YOUR INSTRUCTIONS → Return the listing that follows exactly, with no pictures included.

DATASET EXCERPT →
····················

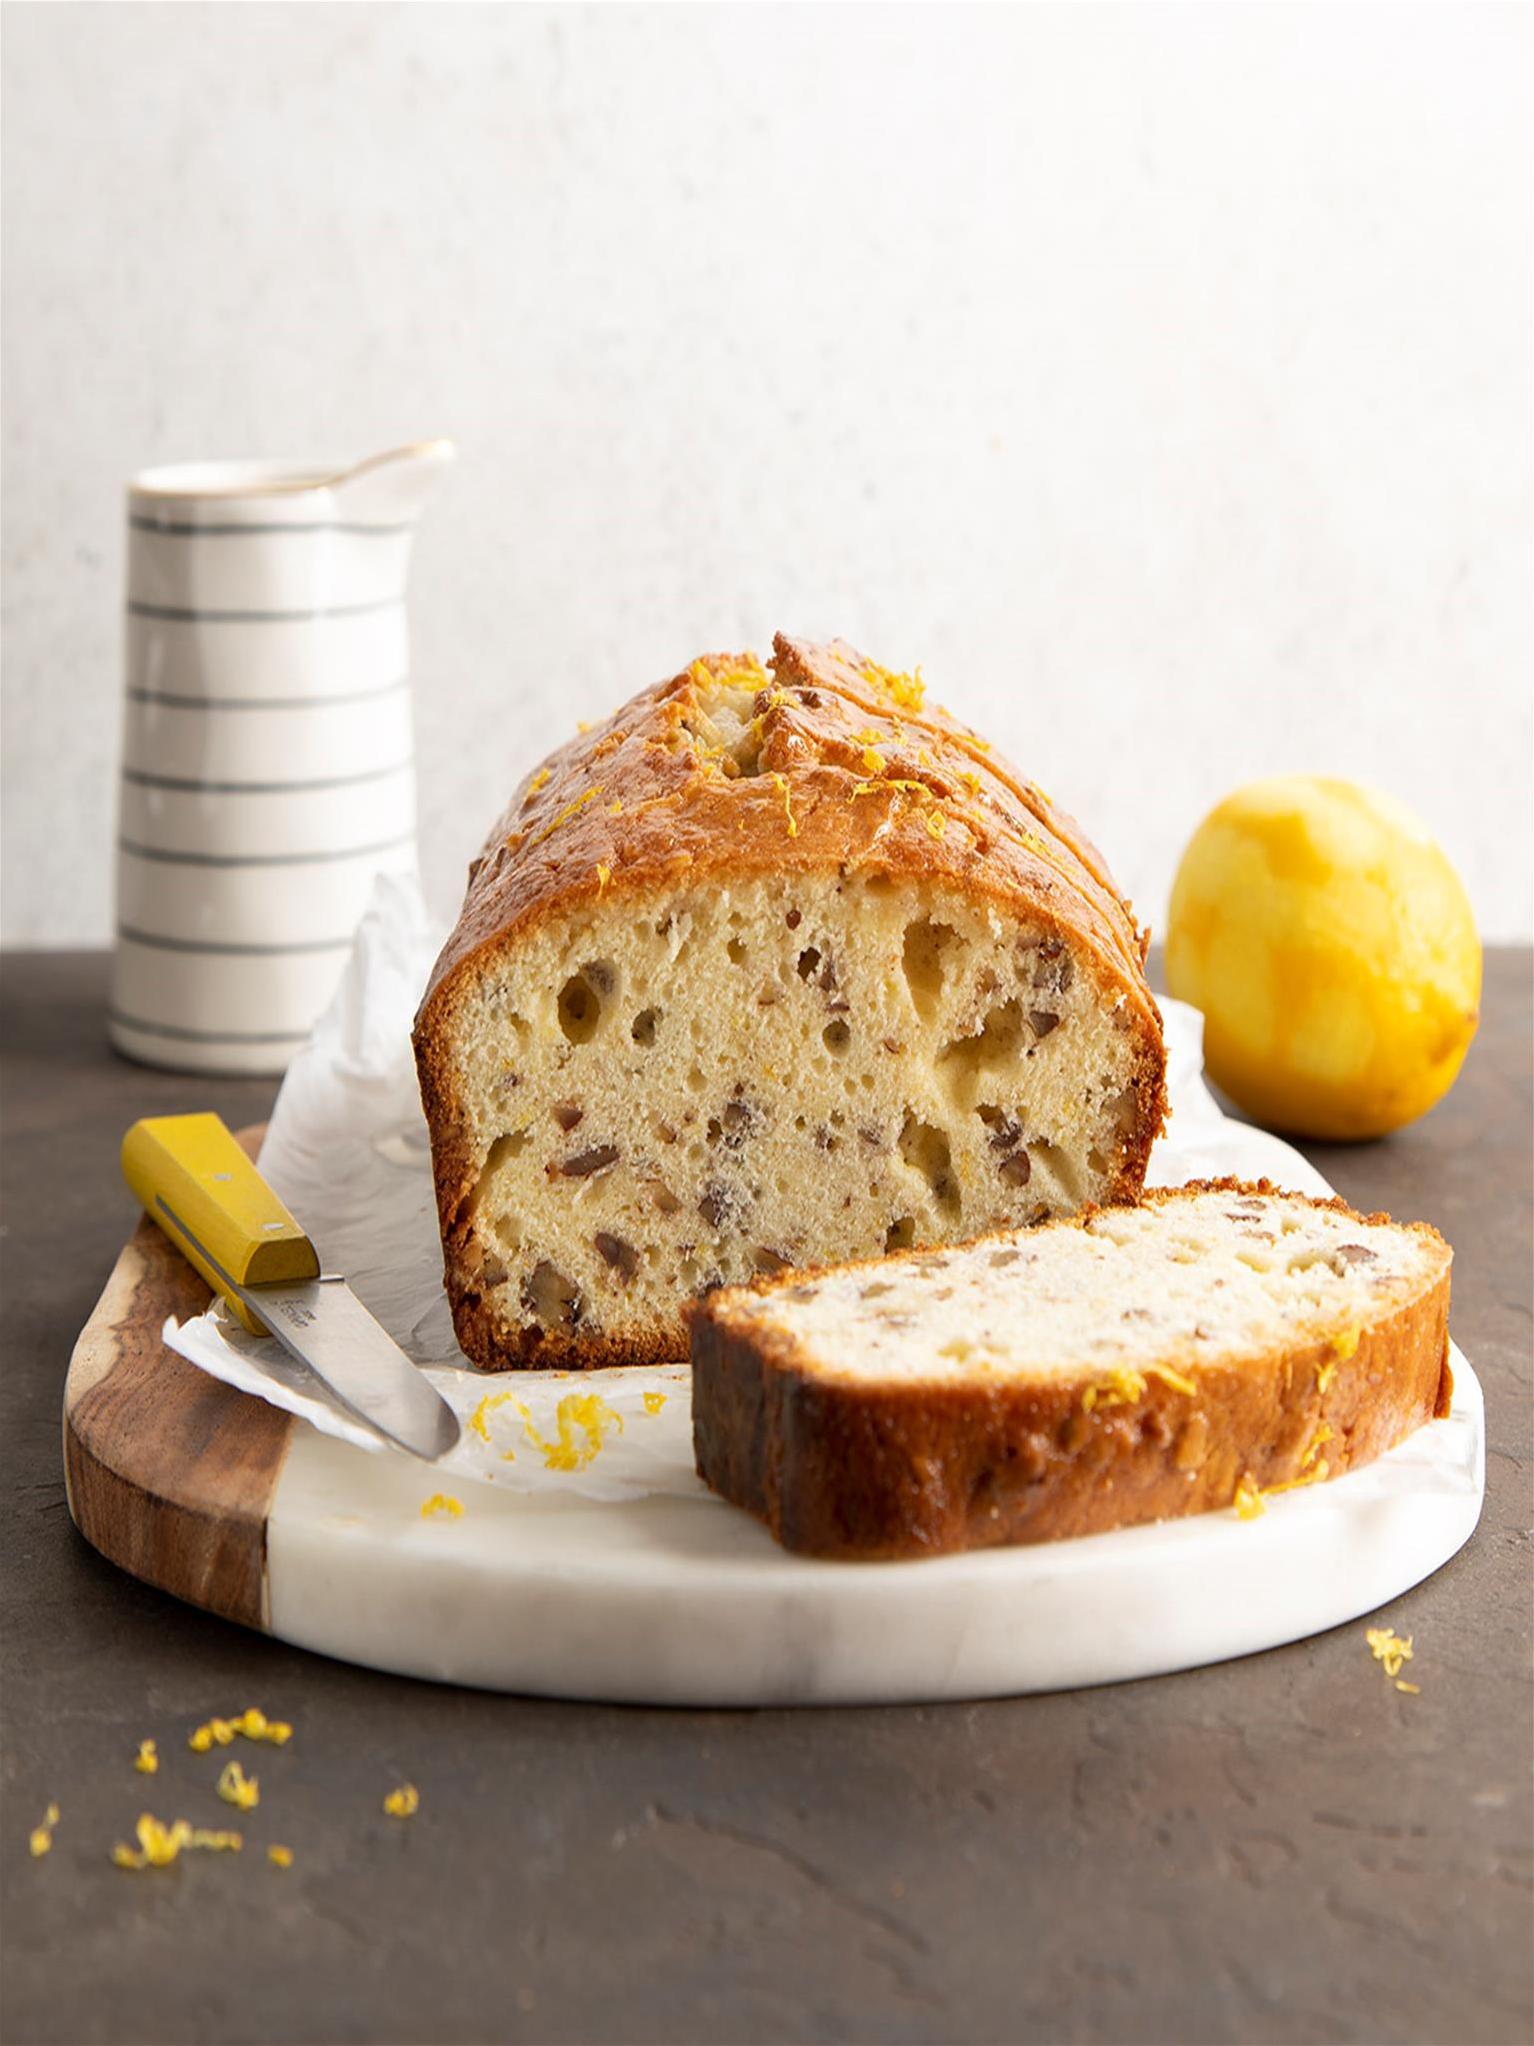 Delicious Lemon Pecan Pound Cake Recipe – Try it Now!
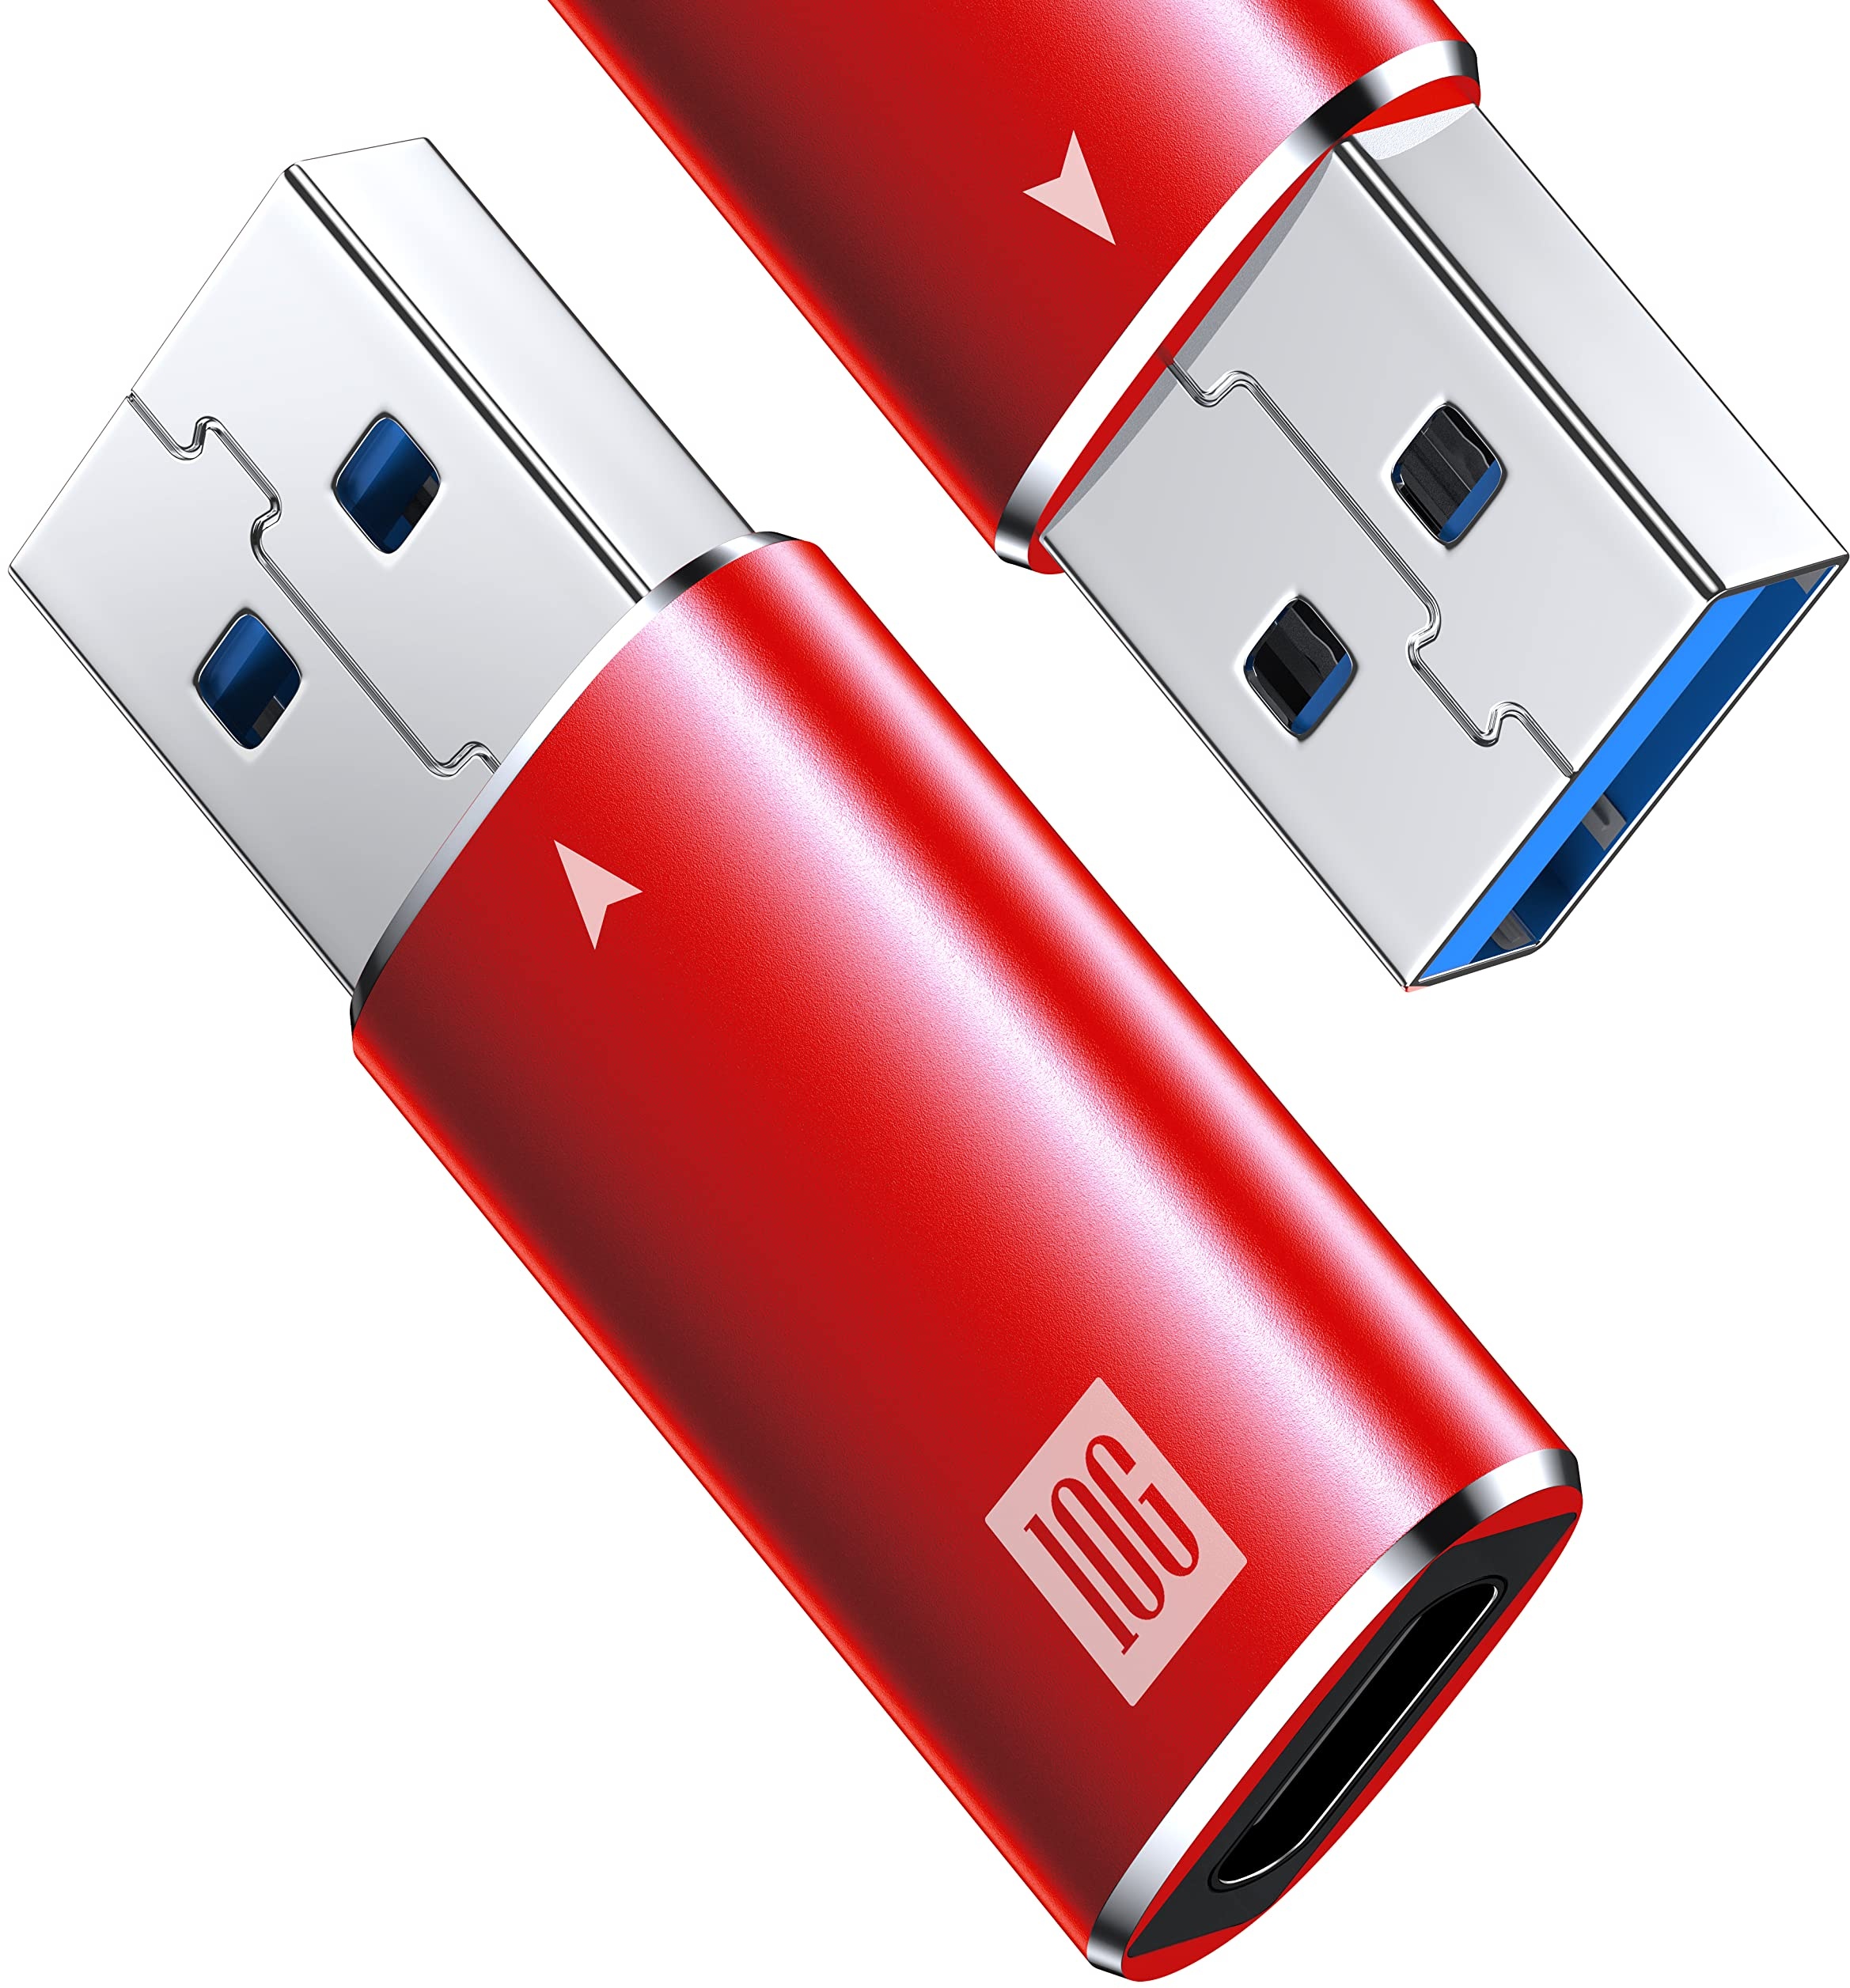 ANDTOBO [10Gbps USB C Buchse zu USB Stecker Adapter 2 Pack, USB 3.1 A zu USB C Adapter SuperSpeed Data Sync. Kompatibel mit iPhone 12 Mini/12 Pro Max, Typ-C Kopfhörer, Power Bank, Quest Link- Rot
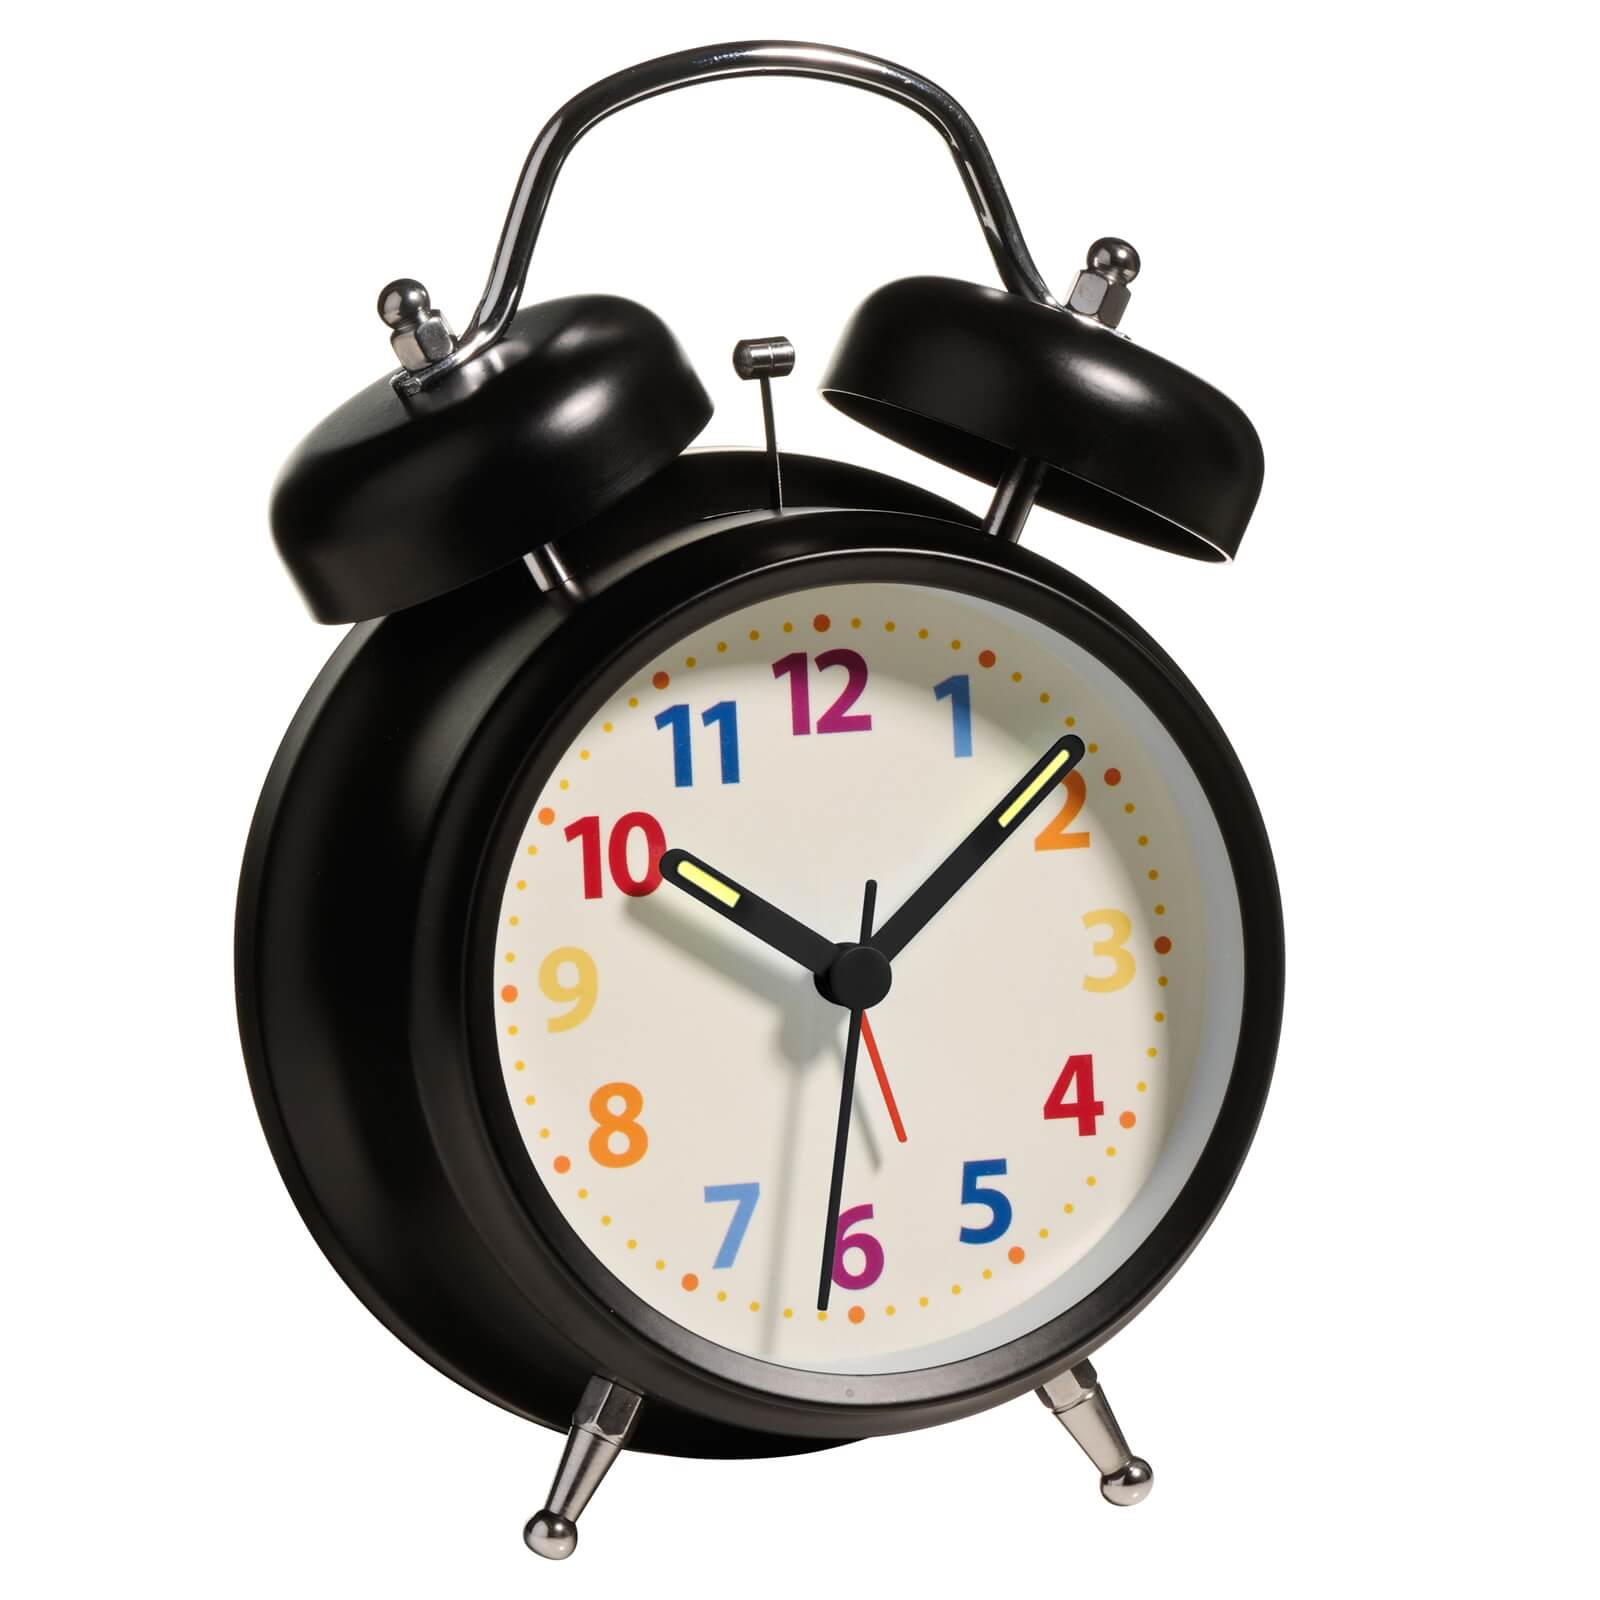 Twin Bell Alarm Clock - Black

····················

ANSWER FOR THIS EXERCISE →
 Delicious Lemon Pecan Pound Cake Recipe – Try it Now!
 ANDTOBO [10Gbps USB C Buchse zu USB Stecker Adapter 2 Pack, USB 3.1 A zu USB C Adapter SuperSpeed Data Sync. Kompatibel mit iPhone 12 Mini/12 Pro Max, Typ-C Kopfhörer, Power Bank, Quest Link- Rot
 Twin Bell Alarm Clock - Black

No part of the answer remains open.